Some days I come home from work and can hear heated exchanges as I put my keys to the door, and I have to confess I take the key back out and wait. Tonight was quiet, very quiet, almost too quiet. Either something big just went down or something did not withstand Captain Chaos’s rigorous stress testing. As I came in I noticed that the room had the just burgled look and there was Captain Chaos being cuddled with little tears. As I got ready to give him a hug and act as Doctor Dorset Dad fetching the pink wonder drug or if it’s near death, the medicine with the orange syringe. Personally the pink wonder drug cures everything, but I was told don’t feel too sorry for Captain Chaos as he did a death defying leap off the sofa, despite telling him not too. Apparently he took off in mid air like a military soldier and landed like a clown with a red bucket.
In the interest of comedy I asked my son just what he was doing, to which he replied “I was being a dragon Daddy.” Oh ok, that’s crystal clear then son, but the only thing he failed to realise was that dragons have wings and he did not. After cuddles and checking his smelly foot multiple times my wife asked for a second opinion. Now highly trained doctors know what to look for. Me? All I knew was that his foot stank after being held hostage in a sock for the entire day. I checked it as best I could and gave the all clear after much retching noises from my stomach. Captain Chaos ate dinner and we presumed it was all good apart from a little hobbling to the table. It was not until dinner that he asked to be carried upstairs to bed. My back began to cry and beg, no wait plead not to, but my son asked for Mummy to carry him. At this point my back leapt for joy!
As I went to sleep later that evening I was having pleasant dreams until what I can only describe as a revised version of a World War 2 siren started screaming the house down. We shot up to Captain Chaos who told us his foot hurt, but again no visible bruises, scratches or swelling and my wife on comedy patrol asked for my opinion. Sorry Sweet Cheeks, at what point did I become a trained doctor? At school I was told my resuscitating doll died, I think they were telling me then that I was not crack hot at the doctor thing, but again I picked up the smelly science experiment foot and gave it the once over as my wife asked. Ok, my diagnosis was that it stank so bad that even deodorant could not cure it, it was way past my bed time, my body was tired, and so was Captain Chaos but no I couldn’t tell if anything was wrong. I suggested we phone the doctors for their opinion, and my wife was straight on the blower, talking to a nurse who concluded he should go to hospital and wait for hours until we had lost the will to live, and get x rayed. As soon as the phone was put down my son stopped sobbing, brightened up and asked for snack, juice and television. My wife asked me what we should do, but as it was late at night he would be the bottom of the waiting list, so unless he screamed we should wait until morning then visit the hospital.
Morning arrived and as we woke up he asked for snack, juice, television, breakfast and a cuddle. By the time His Majesty had finished his list of demands from his peasant servants, I was losing the will to live. We then asked him to walk downstairs. At this point his old war wound appeared and suddenly he could not walk on the leg. We did think this should be looked into, as we were now not sure, but felt it was not that serious if he could list out his demands.

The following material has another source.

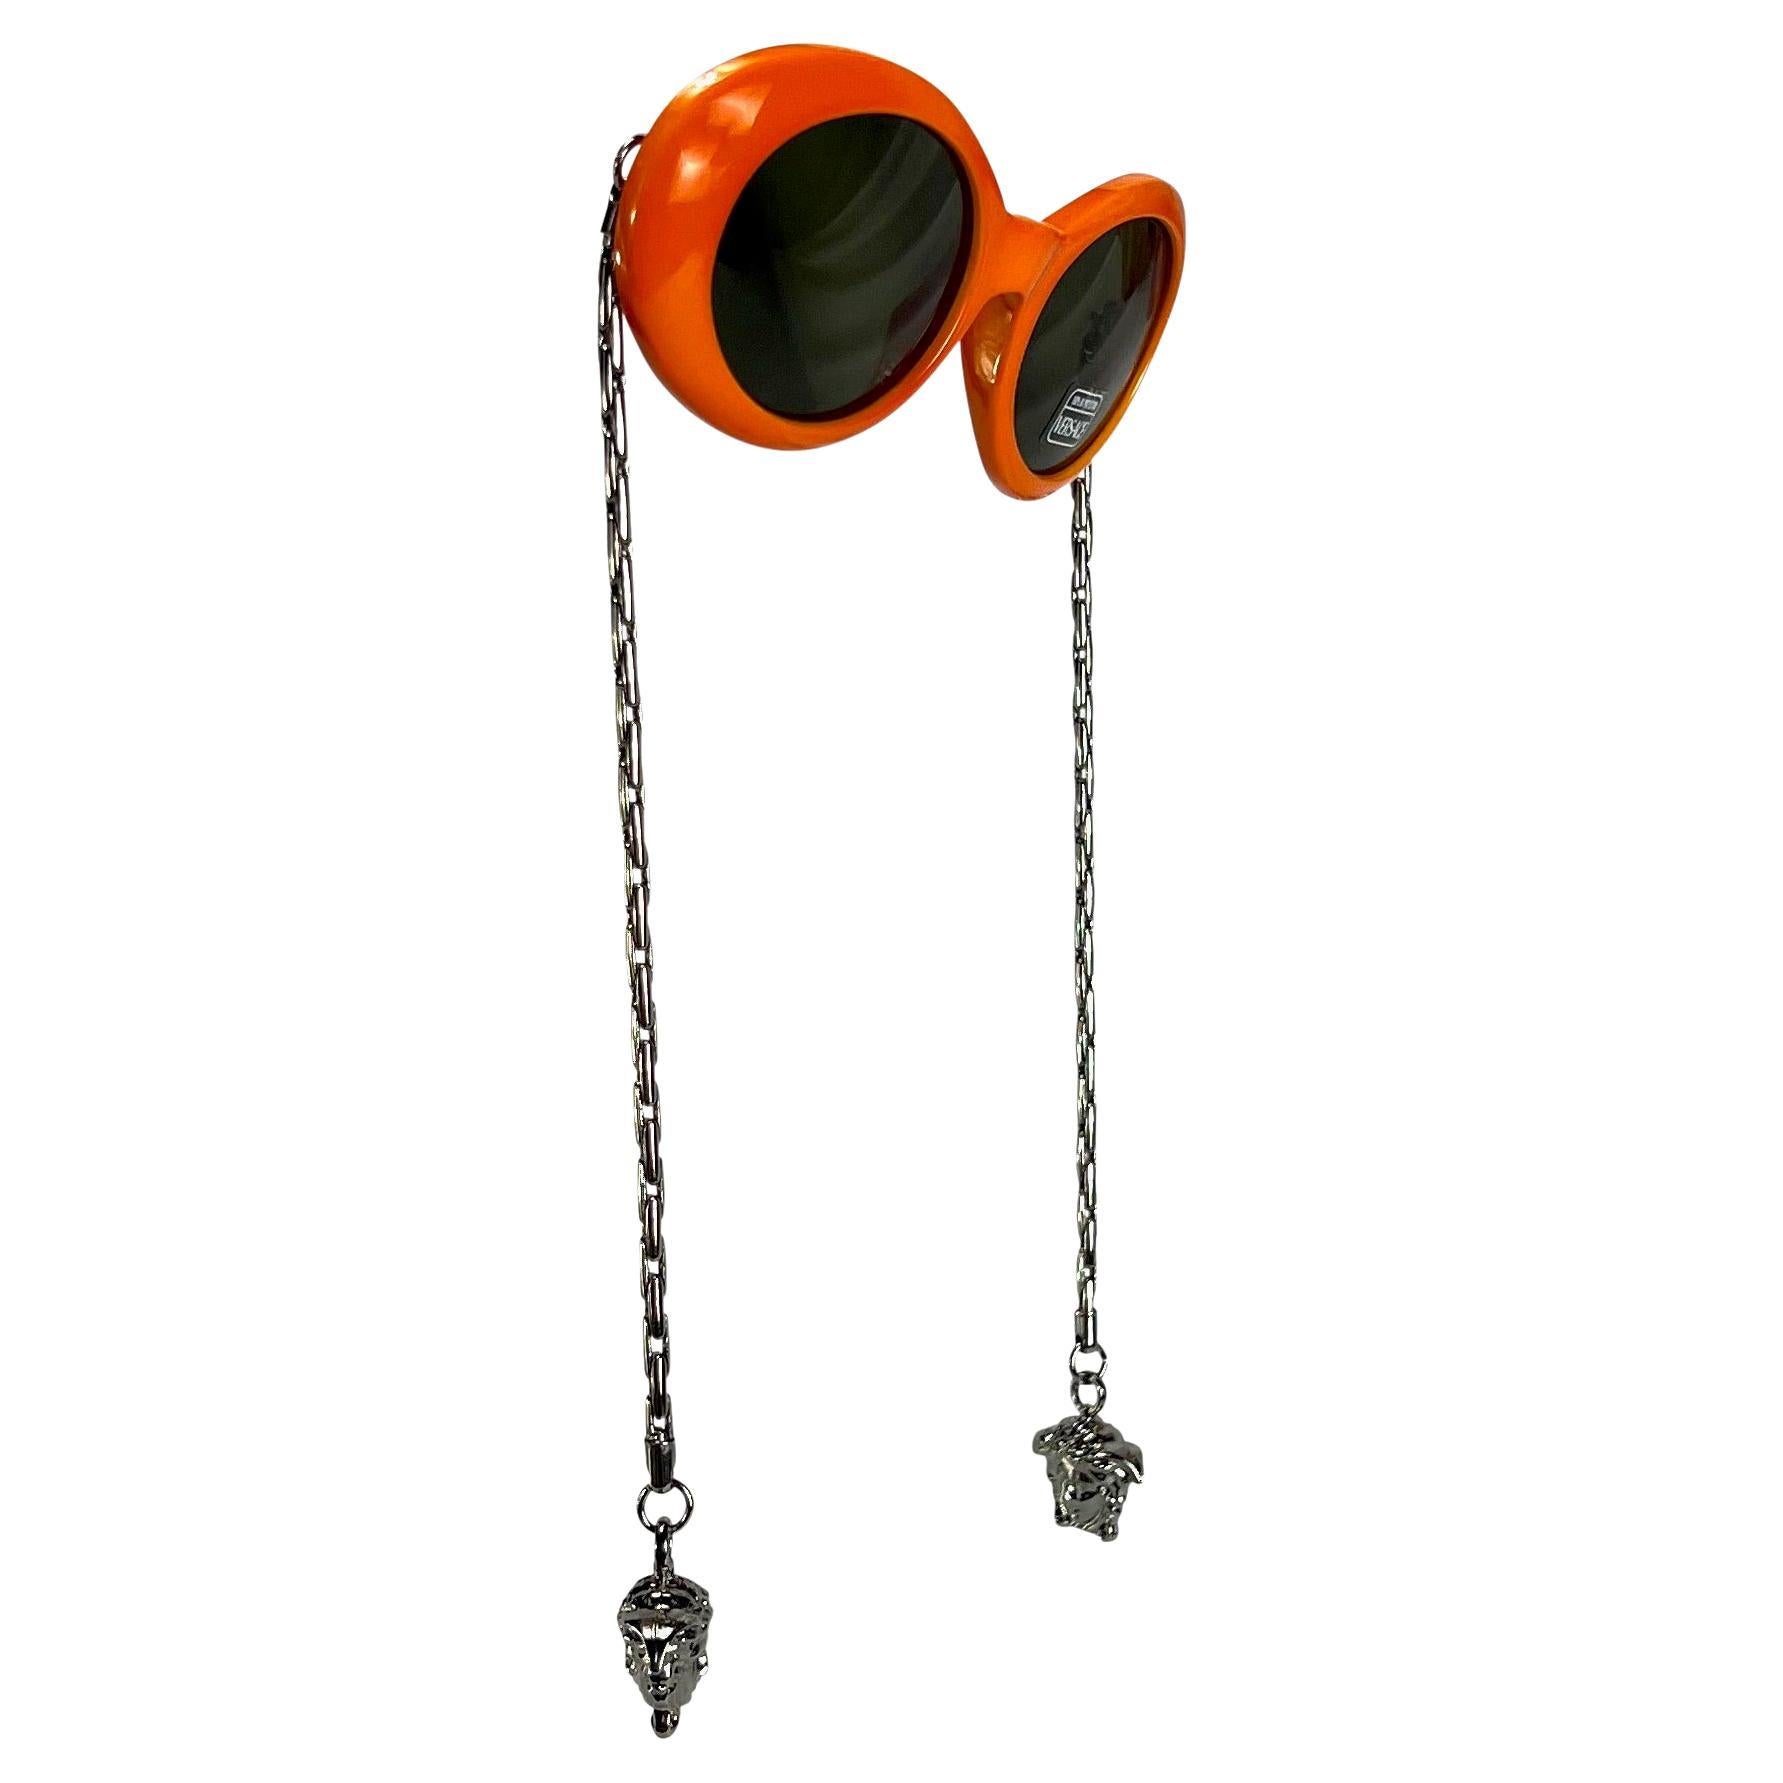 Nous vous présentons une fabuleuse paire de lunettes de soleil Gianni Versace, de couleur orange vibrante, à branches rondes et chaîne en ton argenté, conçue par Gianni Versace. Ces lunettes de soleil ultra-rare de 1996 arborent le célèbre style

When I came home my wife said she had taken him to the hospital and was given the all clear. They would not even x-ray him unless he really needed to. The hospital said to see how he was tomorrow, and any problems bring him back. I did want to question the ‘problems’ bit as I would ask about his seemingly endless energy, the amazing skill to make things fall apart in his presence and upon the arrival of us his parents on the scene claiming “I did not do it!” To me those are problems, could we come back and discuss those? I felt not, so drank my coffee and prepared for the evening meal. Amazing how the old war wound came back and he needed carrying to the dinner table, but the moment he needed to get down it magically disappeared as it involved going to play! Just call me Mr. Suspicious!